Hi, I was looking over the competition entries and winners at blenderguru.com I found this great render, which has a bright and cheerful lighting and render. I’ve been practicing, but I can’t find a simple and practical way to do this.
I know it’s done in Cycles, and that is what I am working with. I created a simple box object shape and a couple of simple shape objects to setup a similar setting. I added a single point light and adjusted some render settings as well as the world background. I’m not sure what I should do to tweak it, but as I said, I’m trying to get as an exact match to the render and lighting as possible.
Now here is my quick setup image at the end of this post which is basically nothing yet (I hope we can run this thread until I can get it just right).
My .blend scene is posted here also. If you edit it, please post it back so it is easier to see what you did, but if you only comment, I appreciate that also.
Well here’s a procedural sky gradient and cloud. Slightly better lighting, I moved the key light (which is now a plane) higher up to soften the shadows below the objects. Your turn now. Good luck!
Thanks, that works great, but for the overall illumination, I was trying to add an environment texture, not on a plane, but as a world background. I did figure it out though. Using nodes, I just add an environment texture to the world node. I tweaked it a little and found out that I was washing out the scene because I did not have a good lighting balance.

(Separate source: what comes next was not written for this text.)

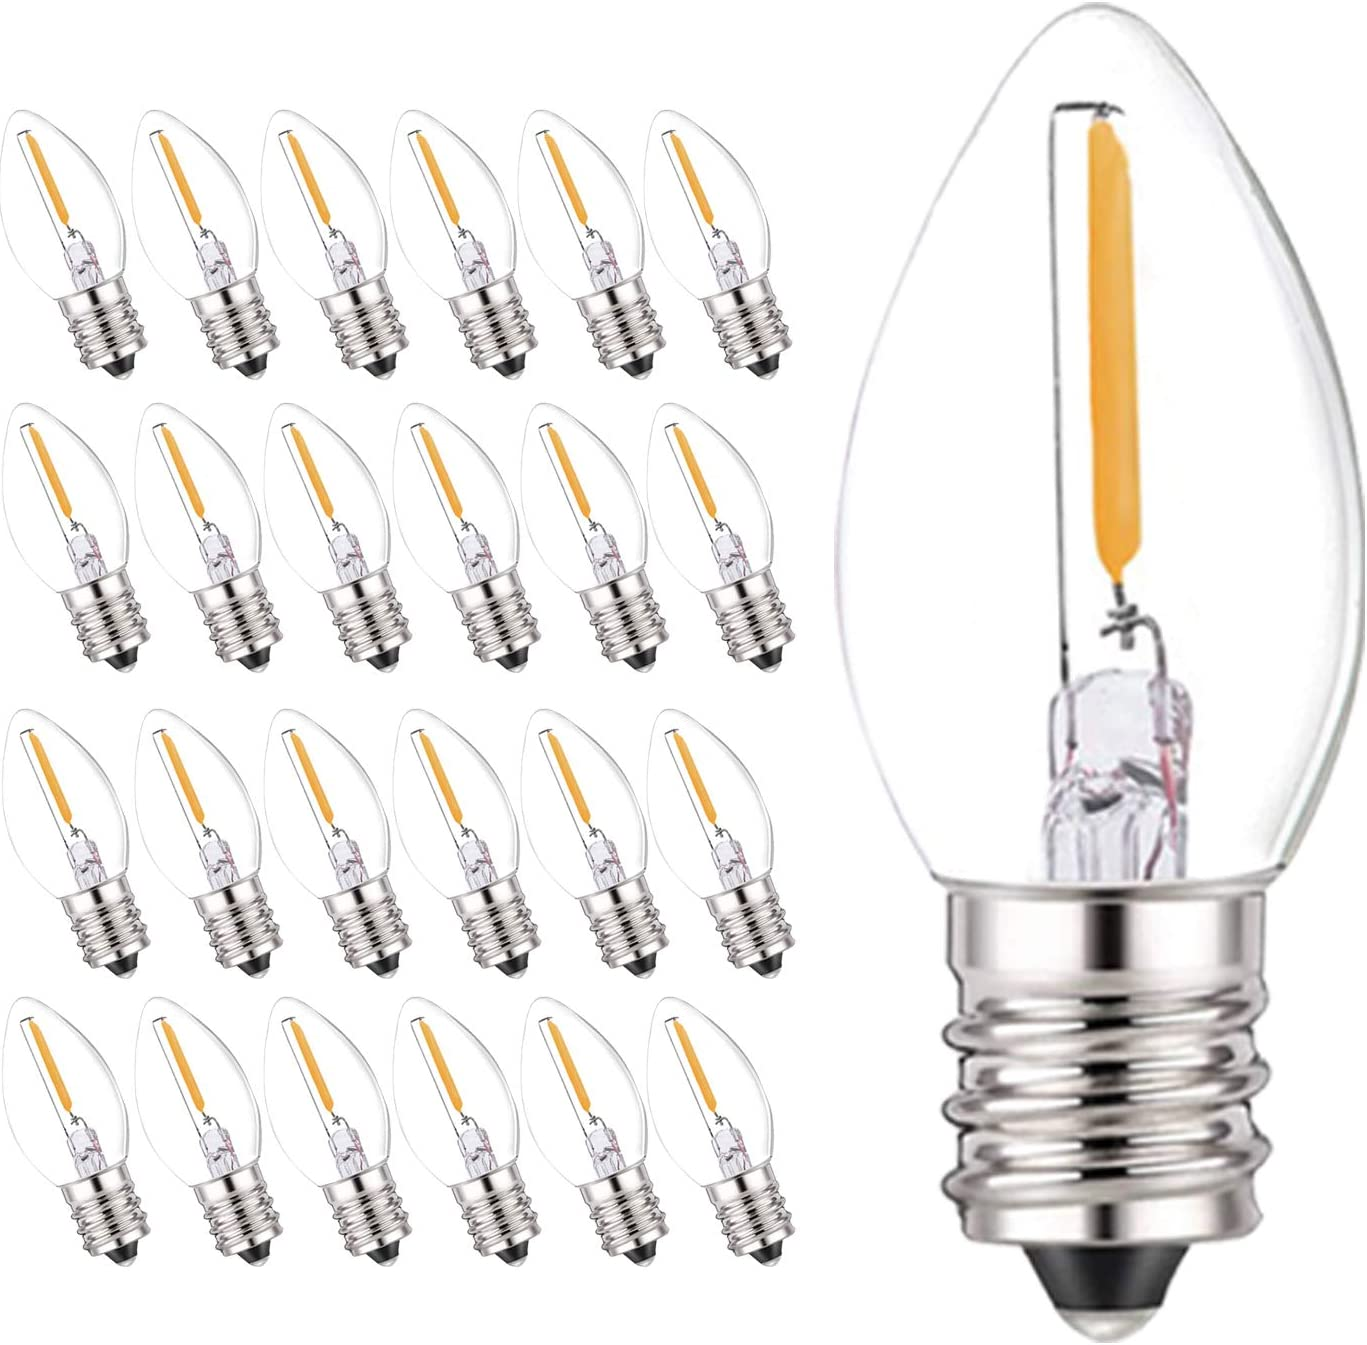 25 free Pack C7 LED Bulbs 0.5 Filament Night Edi Watts Bulb Deluxe Light

Here is a quick render again, nothing spectacular, but the point is, that with the small inset in the box, I noticed that if you look at it from the angle in the picture and then the opposite horizontal angle, from where the light is coming from, it’s easier to tweak the balance between the background light emission and the lamp I’m using for the sharp shadow. So basically I render from a left and right camera angle. When the lamp is too bright, it shows better from it’s direction in the box so I lower it and noticed that after adjusting the lamp, I can adjust the environment light looking at it from the opposite angle, to properly balance it. This is not perfect, but I think if I have more objects, it will be easier to average the skylight like this. Individual lamps could be associated individually after and it will not require endless light balancing for all light sources.
I also want to recommend an excellent book I found yesterday.
Blender 2.6 Cycles Materials and Textures Cookbook. <- This book is great, it gave me a shortcut to figuring this out so far. But I still have a long way to go, so if anyone has more input on this, please post.